--- START ---
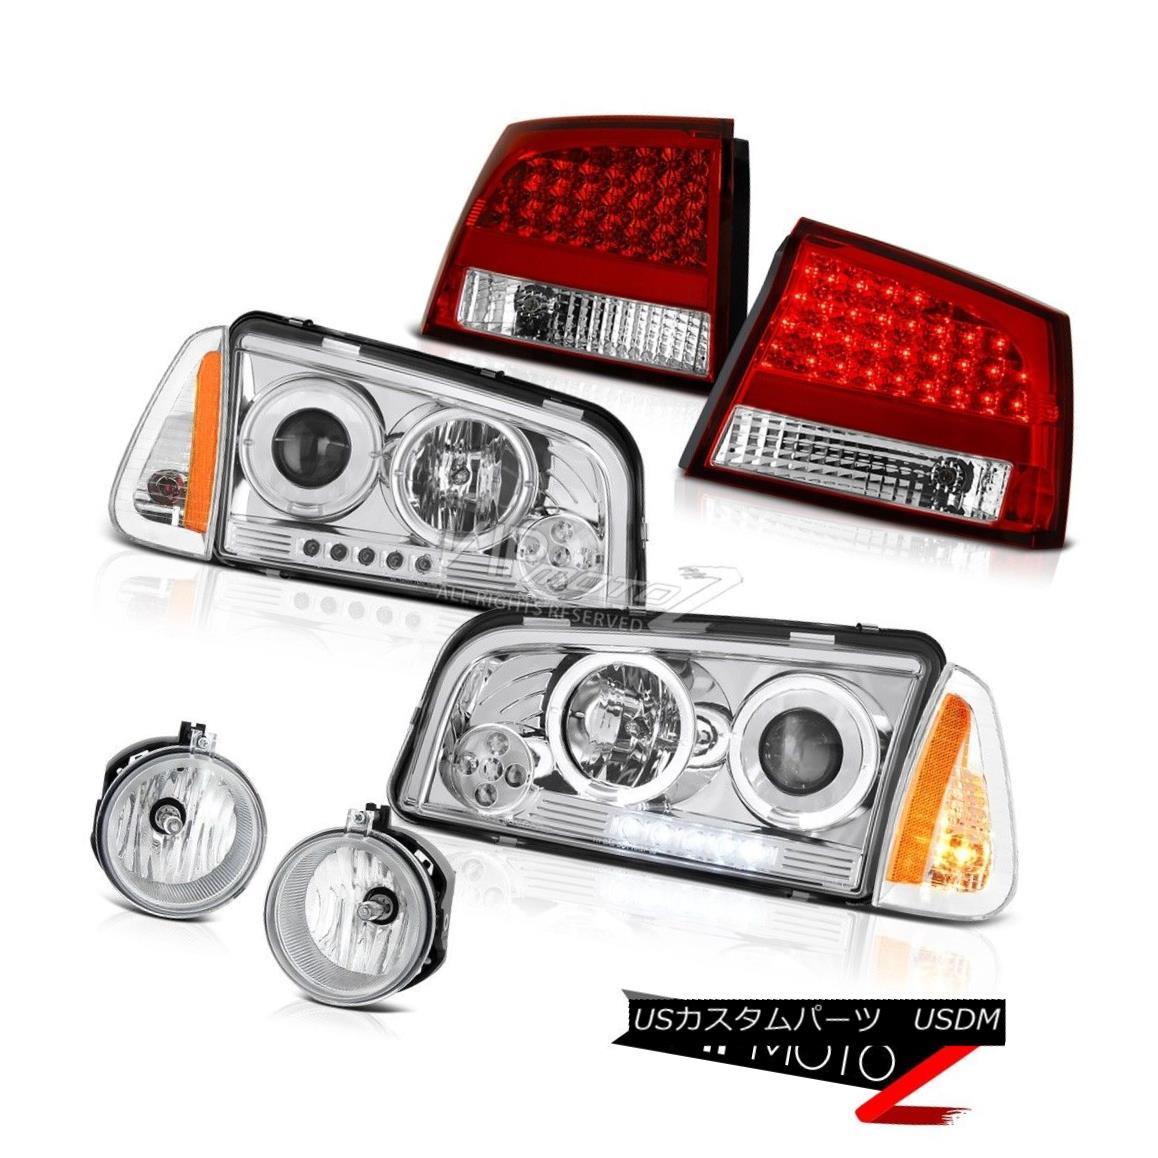 ヘッドライト 09-10 Dodge Charger SXT Fog lamps bloody red taillights signal lamp headlights 09-10ダッジチャージャーSXTフォグランプピンクの赤いテールライト信号灯ヘッドライト
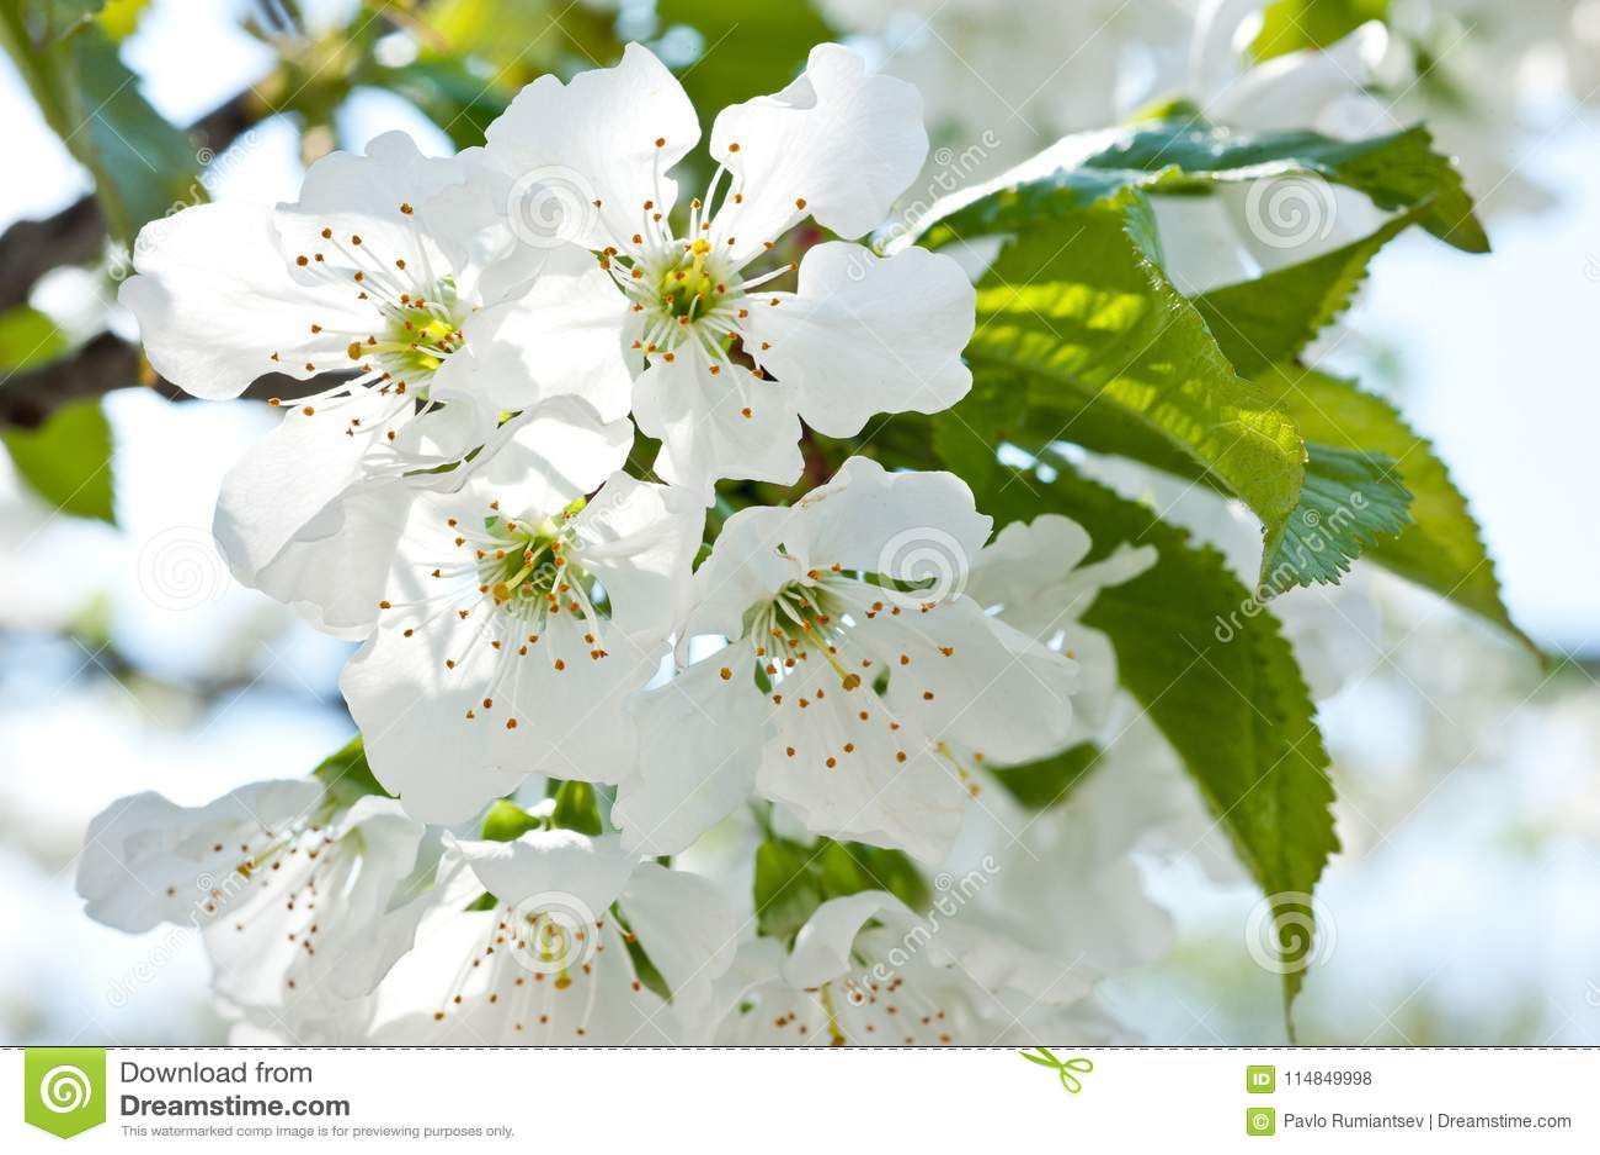 Een tak van bloeiende kers met tot bloei komende witte bloemen
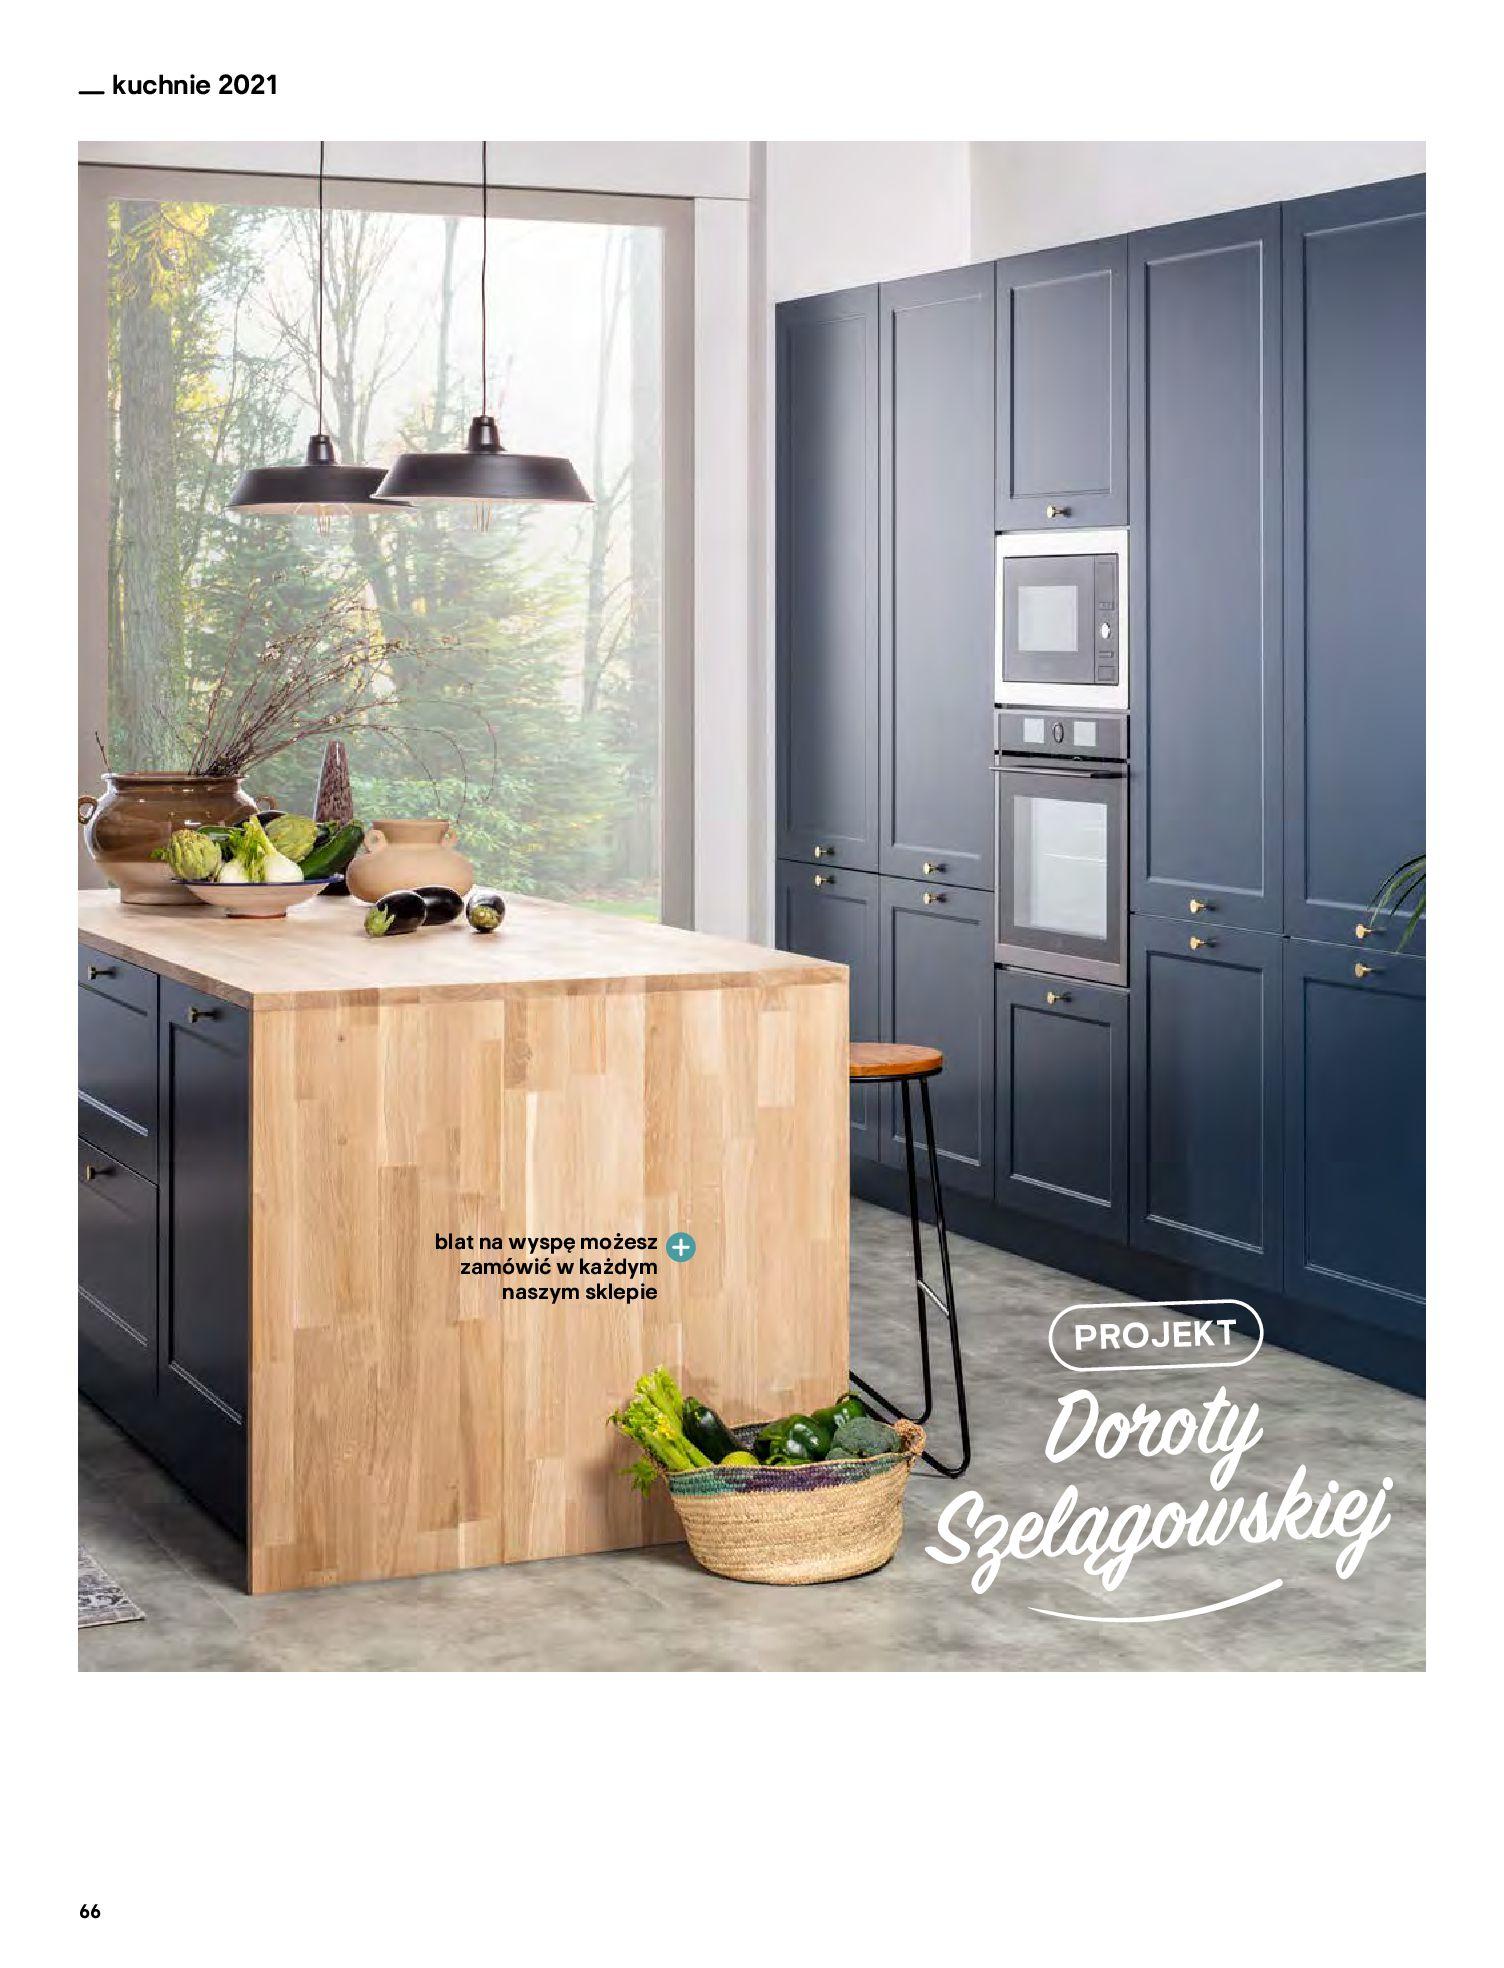 Gazetka Castorama: Katalog kuchnie 2021 2021-05-04 page-66
--- END ---
→ **Task requirements**:
In your copy of the material, every word must match and no image should appear.

→ **Reply**:
 ヘッドライト 09-10 Dodge Charger SXT Fog lamps bloody red taillights signal lamp headlights 09-10ダッジチャージャーSXTフォグランプピンクの赤いテールライト信号灯ヘッドライト
 Een tak van bloeiende kers met tot bloei komende witte bloemen
 Gazetka Castorama: Katalog kuchnie 2021 2021-05-04 page-66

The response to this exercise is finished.